The present study showed a moderate prevalence rate (33%) of urogenital schistosomiasis among children aged 6–8 years, compared to the other age groups (9–11 [22.5%] and 12–14 years [17.7%]). There was a statistically significant decrease in the prevalence of urogenital schistosomiasis with increasing age. This observation is in agreement with the hypothesis that increasing age is associated with decreasing prevalence of S. haematobium infection in the general population due to the development of age-related acquired immunity [85–87]. However, other recent studies performed along the SRB found contrasting results. In other African countries, an association between age and S. haematobium prevalence has not been demonstrated consistently [88]. Data from other studies also do not seem to support the development of age-associated acquired immunity during childhood and adolescence [44,89–91]. A recent meta-analysis of urogenital schistosomiasis in children reported that age was an associated factor in only four of 15 included studies [17]. Although studies conducted in Africa generally show that school-age children between 5 and 18 years old are the most affected population group, specific contexts related to occupational hazards (e.g., agriculture, mining, laundry, washing or bathing farm animals, crossing contaminated water bodies) may also lead adults and/or females to be at risk of being exposed to S. haematobium. In Muslim countries, water contact during the obligatory ablutions before prayer has also been reported to be a potential source of infection in all ages and in both sexes although adults tended to have a higher number of water contact through this religious practice [92]. The contradictory data on the most vulnerable age group with relation to urogenital schistosomiasis in Africa call for further large-scale field studies based on similar study design and epidemiological context, including social studies, and meta-analysis for a better understanding of schistosomiasis epidemiology.

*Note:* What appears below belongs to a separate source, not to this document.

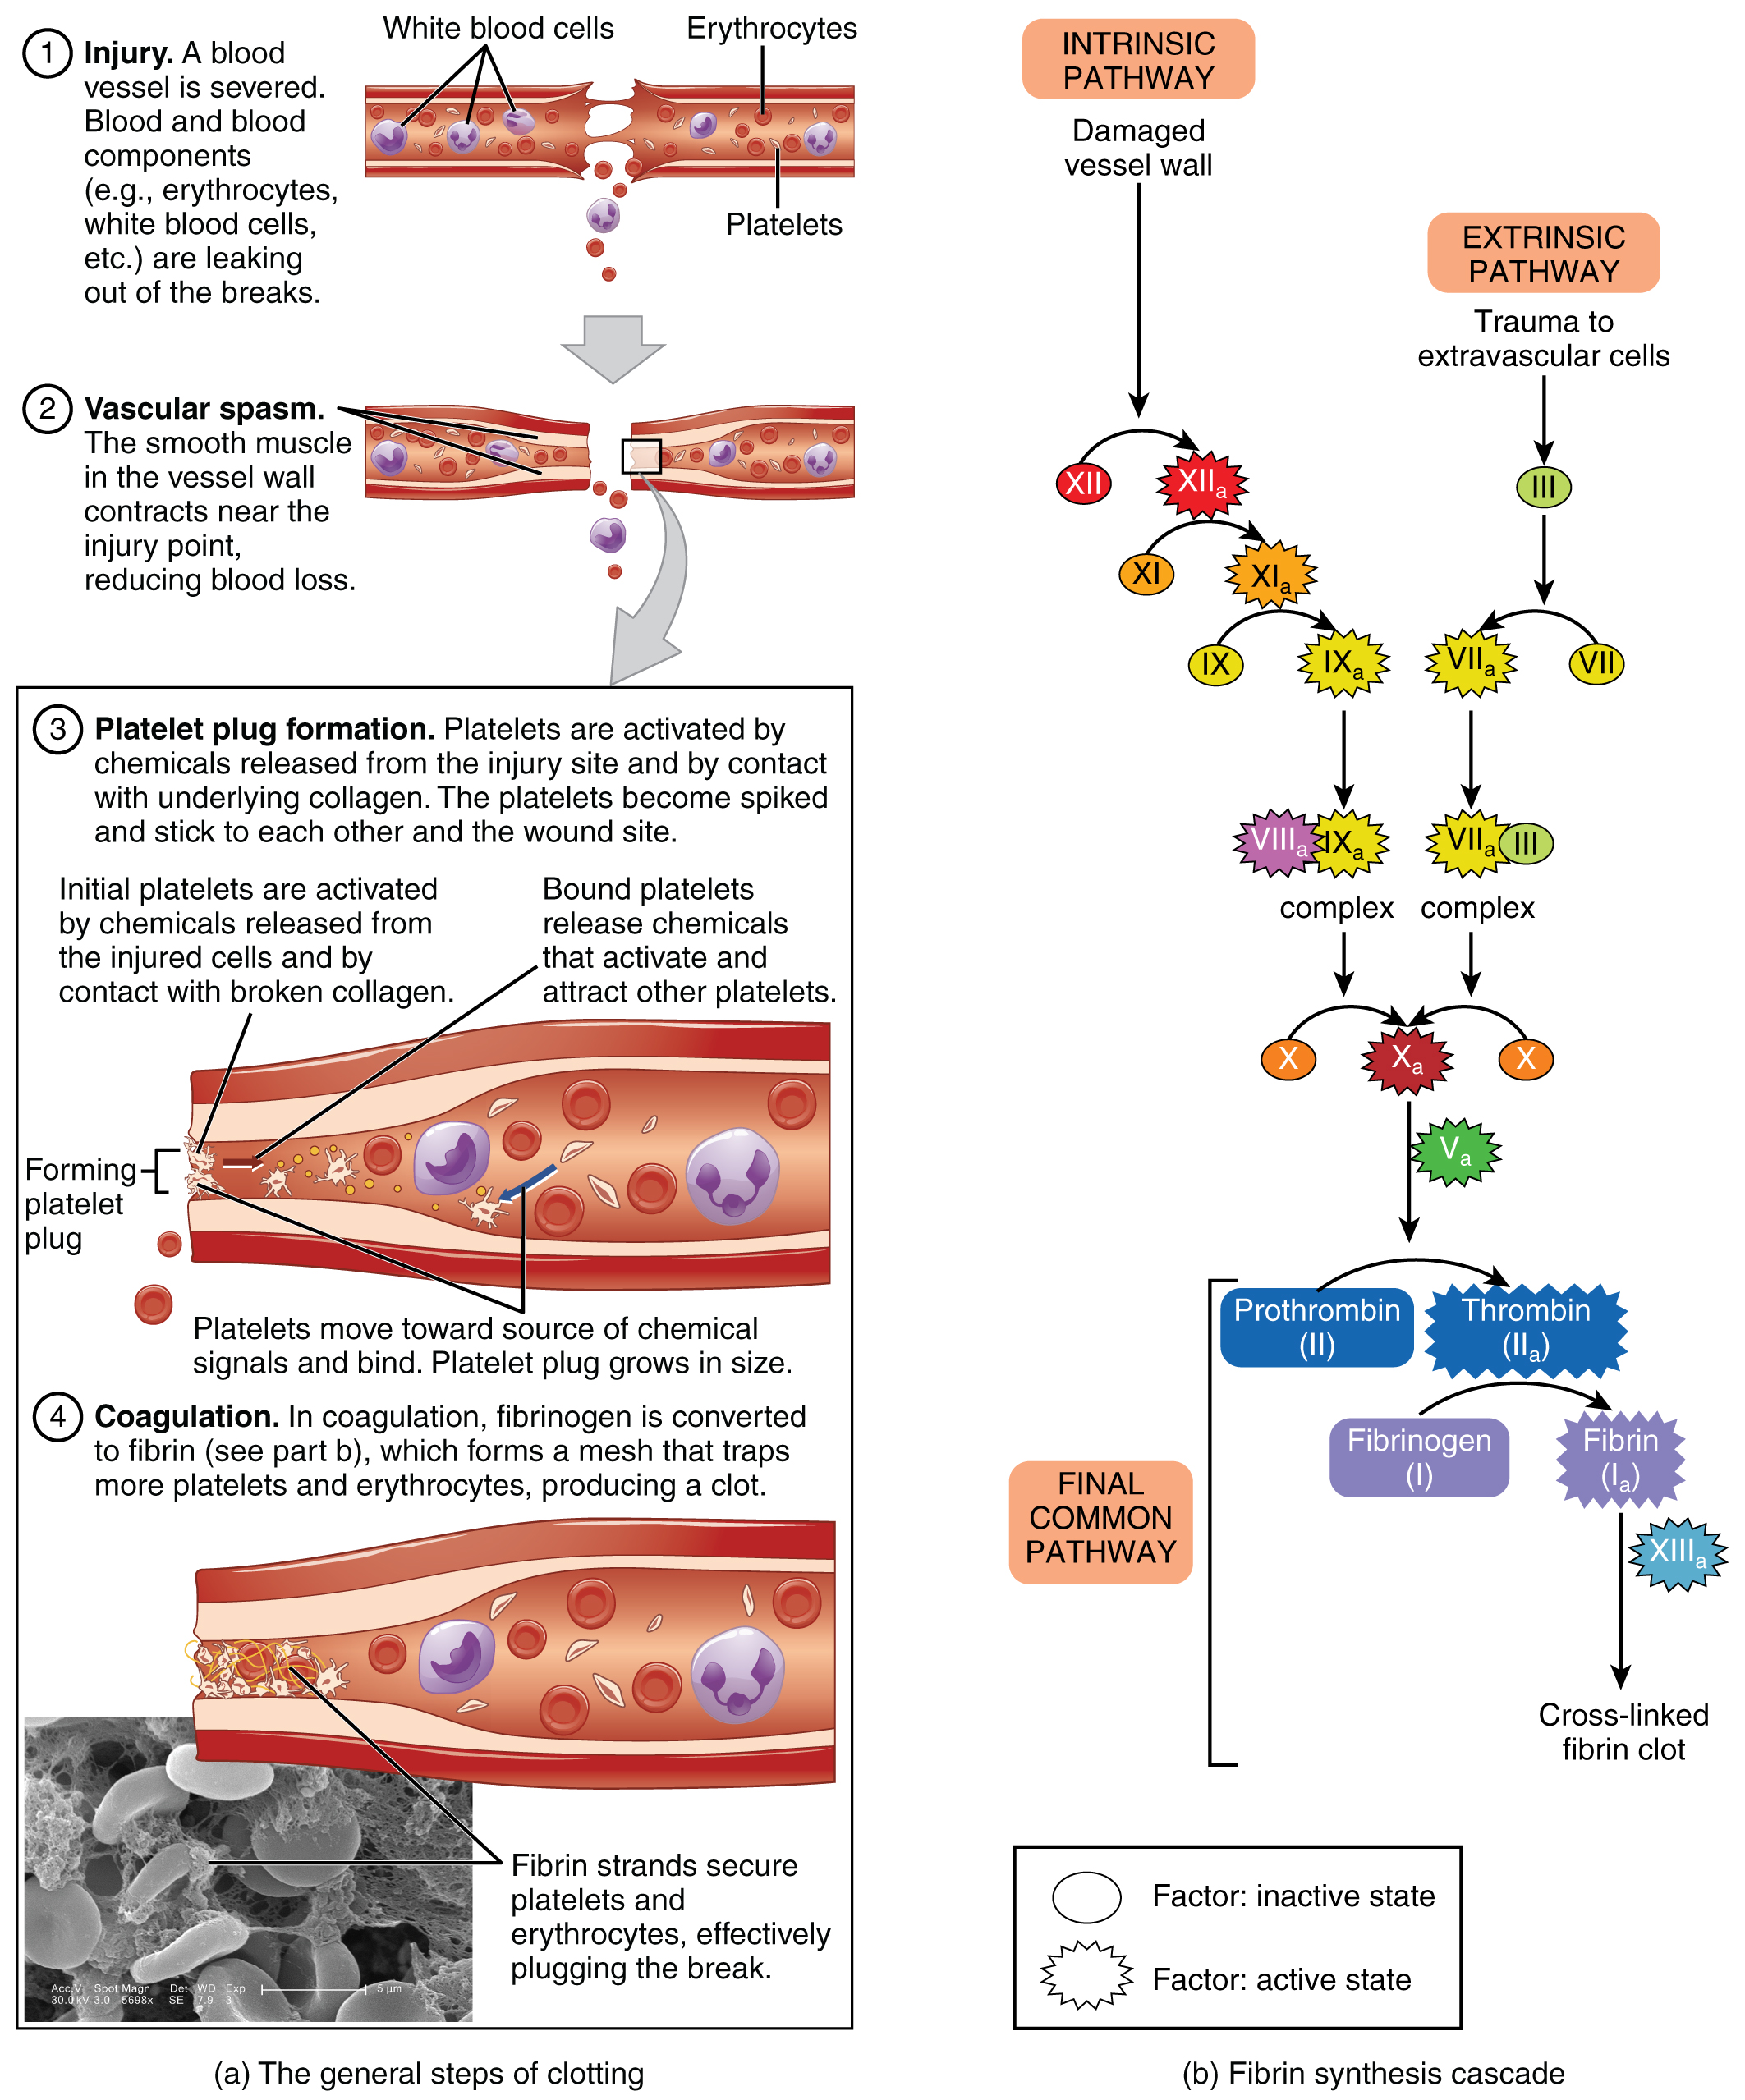 Process of clotting blood. Image description available.

Regarding the sex of infected children, our study revealed a higher prevalence of schistosomiasis among boys. This finding is not surprising, particularly in an Islamic country, like Mauritania, where girls are socially precluded from bathing or swimming in open water source while boys are usually allowed to play outside in open water bodies, exposing themselves to the risk of water-borne infections. Similar findings have been reported from some other predominantly Islamic countries in Africa [44,85,93]. However, other studies conducted in Yemen and Sudan reported a similar prevalence rate between the sexes due to the fact that girls are also involved in some water-related domestic activities, such as fetching water and washing clothes and utensils at the contaminated water sources and thus have similar exposure to schistosomiasis as boys [94,95]. Among children, recreational bathing and swimming in Schistosoma-infested water are probably the most common mode of transmission; however, infection may occur away from the contaminated water body if cercariae-infested water is transported for house work, bathing, laundry, bathing farm animals, and possibly drinking [96].

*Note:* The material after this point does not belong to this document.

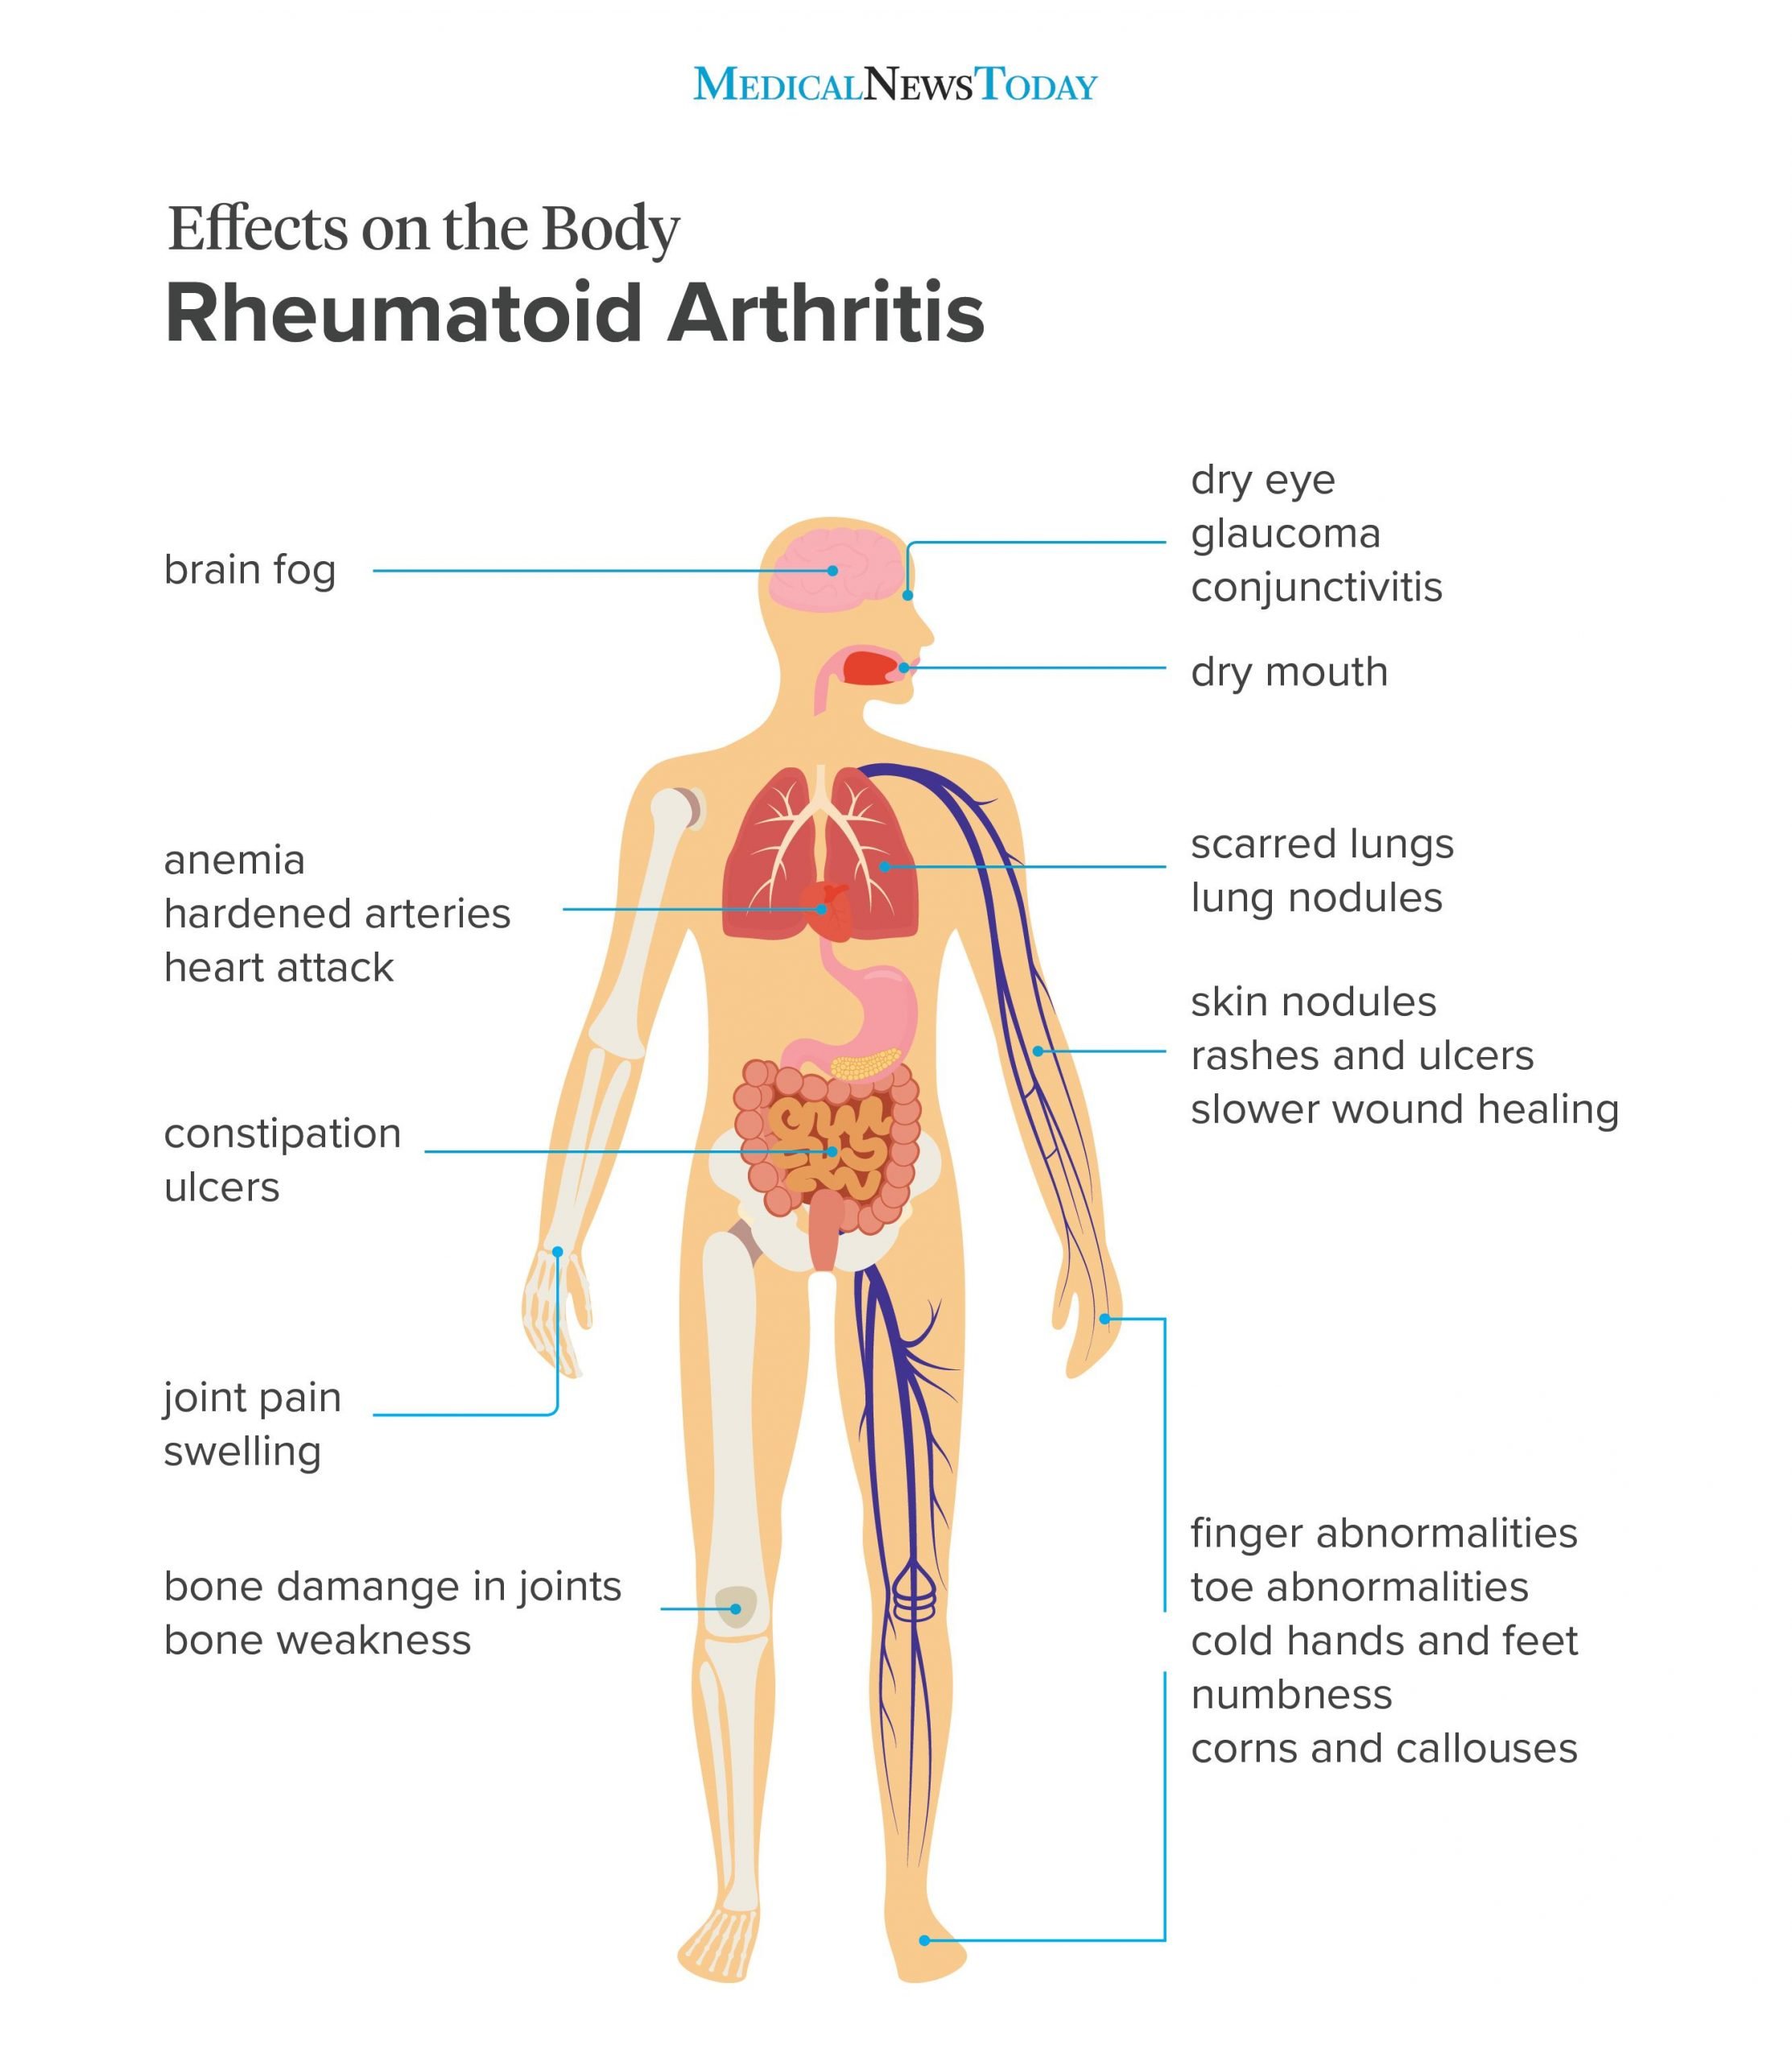 Effects of rheumatoid arthritis on the body

Approximately 41% (46% in Kankossa and 29% in Oued Rawdha) of the school-aged children with a positive parasitological test presented with heavy S. haematobium infections, suggesting that these children have been continually reinfected through regular contact with schistosome-infested freshwater and may run the risk of developing a chronic disease. There were neither intra- nor inter-village differences in the intensity of infection according to the age, sex, and season. This result may possibly be due to the relatively small sample size or the lack of longitudinal data from our two study sites. Kankossa Lake area is characterized by perennial S. haematobium transmission due to the permanent presence of the water body where children living around the lake are expected to be not only continually infected by S. haematobium but are also rapidly and frequently reinfected. From an epidemiological viewpoint, the transmission feature in Kankossa Lake is akin to that of SRB [97]. By contrast, in Oued Rawdha, the pond dries up and remains dry for months, during which S. haematobium transmission is naturally interrupted. This latter type of seasonal transmission zone is characterized by a slower reinfection rate, as shown in other studies [98].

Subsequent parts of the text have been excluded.